If friend asks for her details just say you have the nanny’s private number and she can look up the number for enquires on the registered childcarers list that’s online.

Davros · 03/08/2020 17:47

Tell her you can't give the nanny's details without her permission and then don't get it

Illdealwithitinaminute · 03/08/2020 17:47

Just text back 'I don't want to give details of my nanny sorry' and move on, you need to find a way to stem the madness, perhaps if she's a bit miffed that may be a good thing, especially as it's too early on to be pestering nannies.

LalaLoopy20 · 03/08/2020 17:48

Childminder I can understand but why would she assume she can use your nanny? Does she work exclusively for you at your home?

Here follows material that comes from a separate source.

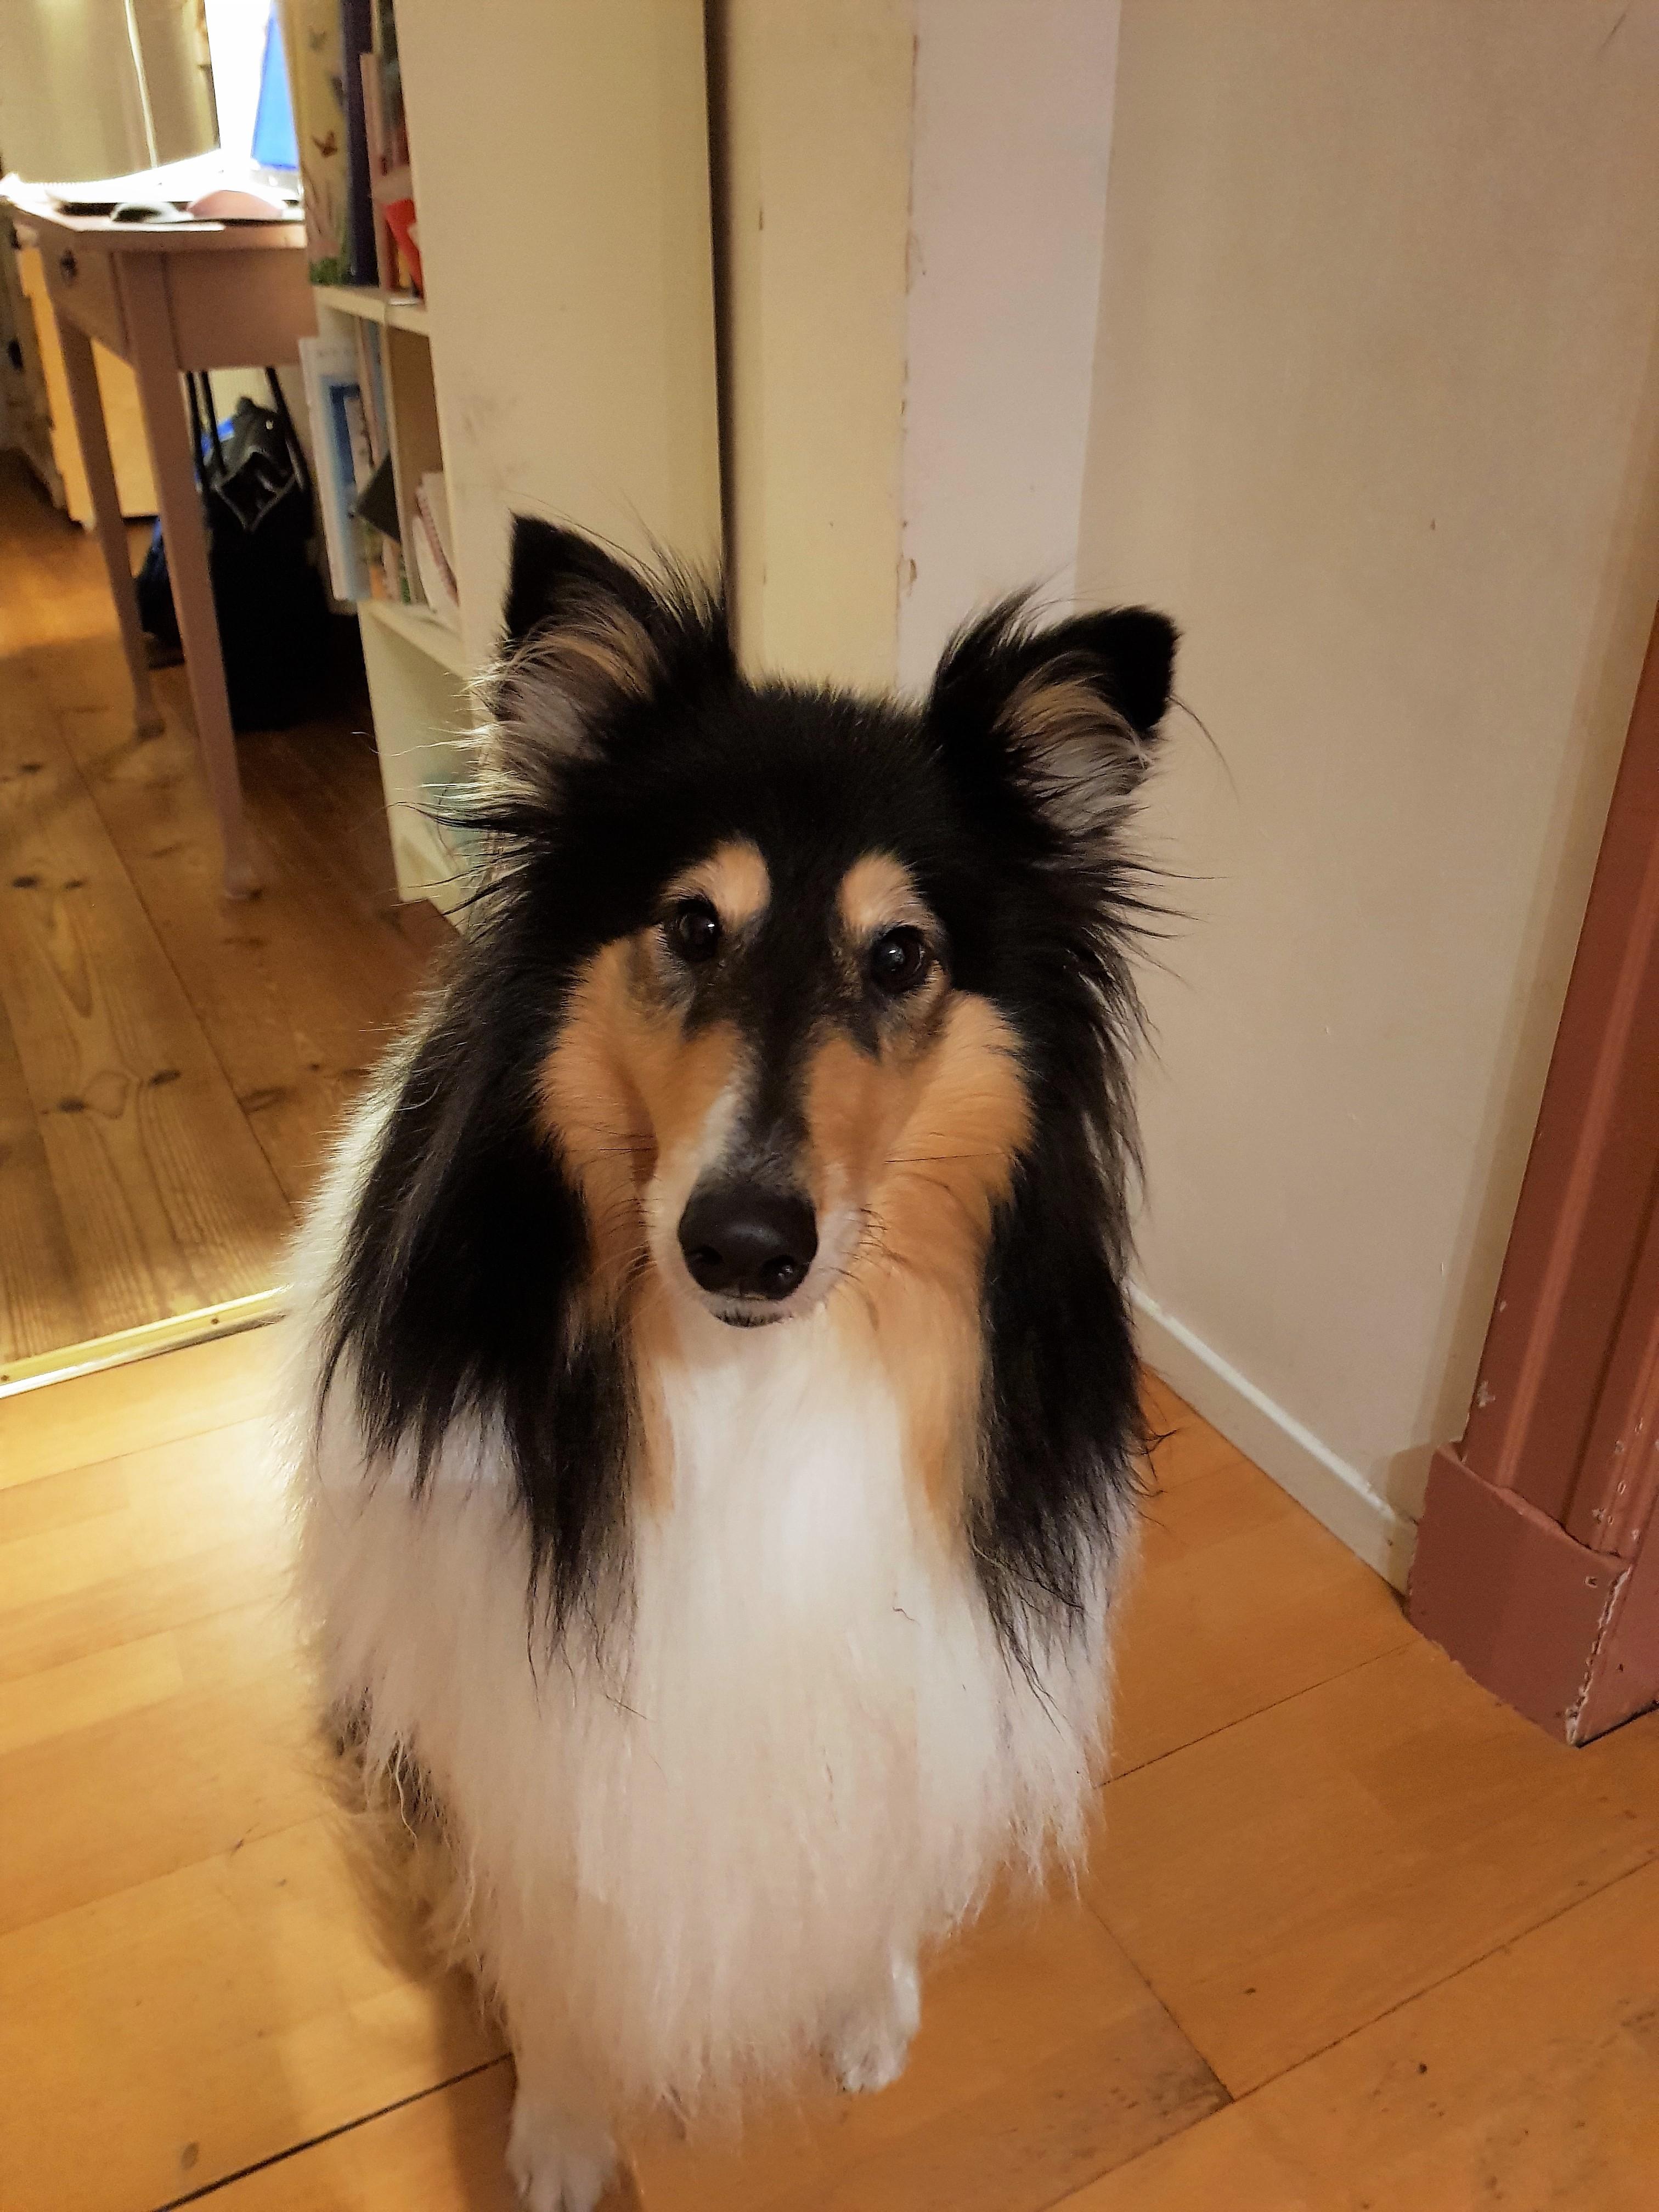 Veterinärens hund, Tess, en trefärgad collie

Say 'A nanny share wouldn't really work for us'. I would probably offer to ask your nanny jf she knows anyone that will be looking for a job by the time she is in need of one.

monkeymonkey2010 · 03/08/2020 17:50

of course you can!
speak to your nanny and tell her - it's up to her whether she has the time to take another client/family.
Then you discuss boundaries with your nanny - that if she chooses to take on your friend as a client, she keeps the two jobs separate.....no 'sharing' drop off/collections/childminding etc on your time and money.

Cos you can bet your friend will 'innocently' (but not) take the piss!

rubicona · 03/08/2020 17:53

I know regardless of whether she used the same nanny or when we move, childminder, that she will ask for lift shares etc and will try and work out doing the same days etc.

OP posts:
MorganKitten · 03/08/2020 17:55

She’s asking you, surely shows she thinks you’re a good parent and wants advice. You can mute her and reply in one message.